How to get the summary if the model output consists of int and str?

Question

How to get the summary if the model output consists of int and str?

simon5u opened this issue a year ago · 1 comments

Describe the bug
torchinfo.py", line 448, in traverse_input_data
result = aggregate(
TypeError: unsupported operand type(s) for +: 'int' and 'str'

It seems like the torchinfo.py cannot mix the different model outputs.

    elif isinstance(data, Iterable) and not isinstance(data, str):
        aggregate = aggregate_fn(data)
        result = aggregate(
            [traverse_input_data(d, action_fn, aggregate_fn) for d in data]
        )

To Reproduce
Steps to reproduce the behavior:

Install the lavis model from https://github.com/salesforce/LAVIS
salesforce-lavis 1.0.0
transformers 4.25.0
Run the following code to get the summary:-

import torch
from PIL import Image

# load sample image
raw_image = Image.open("docs/_static/merlion.png").convert("RGB")

import torch
from lavis.models import load_model_and_preprocess
device = torch.device("cuda" if torch.cuda.is_available() else "cpu")

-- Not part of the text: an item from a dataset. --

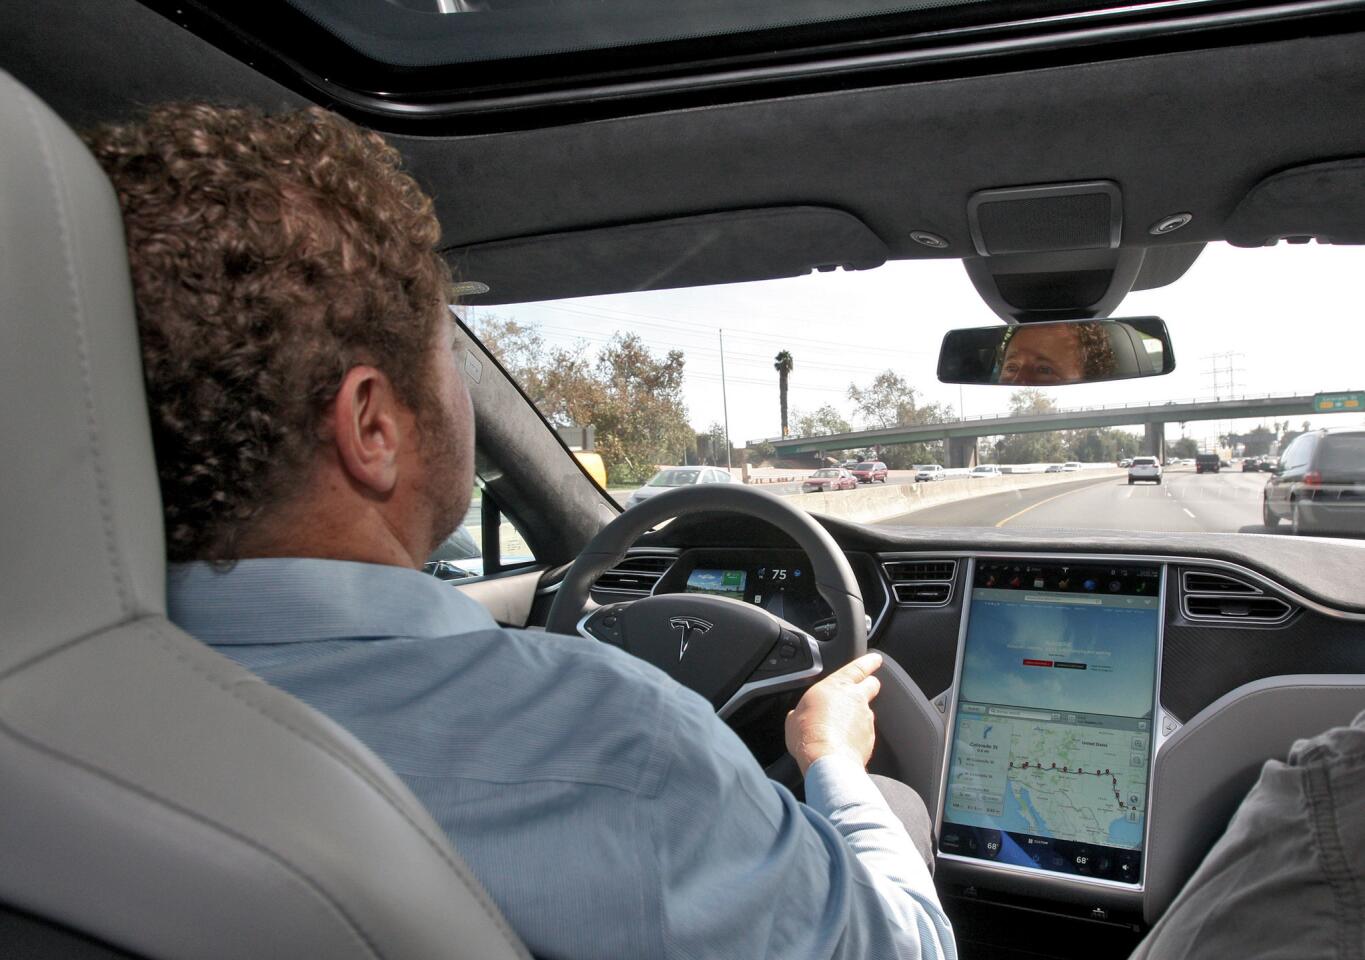 Tesla Motors S.W. Region General Manager Jeremy Snyder shows the electric car's Ludicrous speed setting, 0-60 in 2.8 seconds and the auto pilot feature, in Burbank on Friday, October 23, 2015. Ludicrous speed setting can create a force of 1 gravity on the vehicle's occupant and the auto pilot feature can apply the brakes or change lanes without the driver's help. The showroom, where a customer can order their own personalized Tesla electric vehicle, will soon have a customer lounge and charging stations.

# loads BLIP caption base model, with finetuned checkpoints on MSCOCO captioning dataset.
# this also loads the associated image processors
model, vis_processors, _ = load_model_and_preprocess(name="blip_caption", model_type="base_coco", is_eval=True, device=device)

# preprocess the image
# vis_processors stores image transforms for "train" and "eval" (validation / testing / inference)
image = vis_processors["eval"](raw_image).unsqueeze(0).to(device)

# generate caption
output = model.generate({"image": image})
# ['a large fountain spewing water into the air']

from torchinfo import summary
text_input = ["a large statue of a person spraying water from a fountain"]
samples = {"image": image, "text_input": text_input}
summary(model, input_data=[{"image": image, "text_input": text_input}])

Expected behavior
To produce the model summary

Answer 1 · 2023-12-27T09:21:39.000Z

I'm having the same issue, is there any update on this?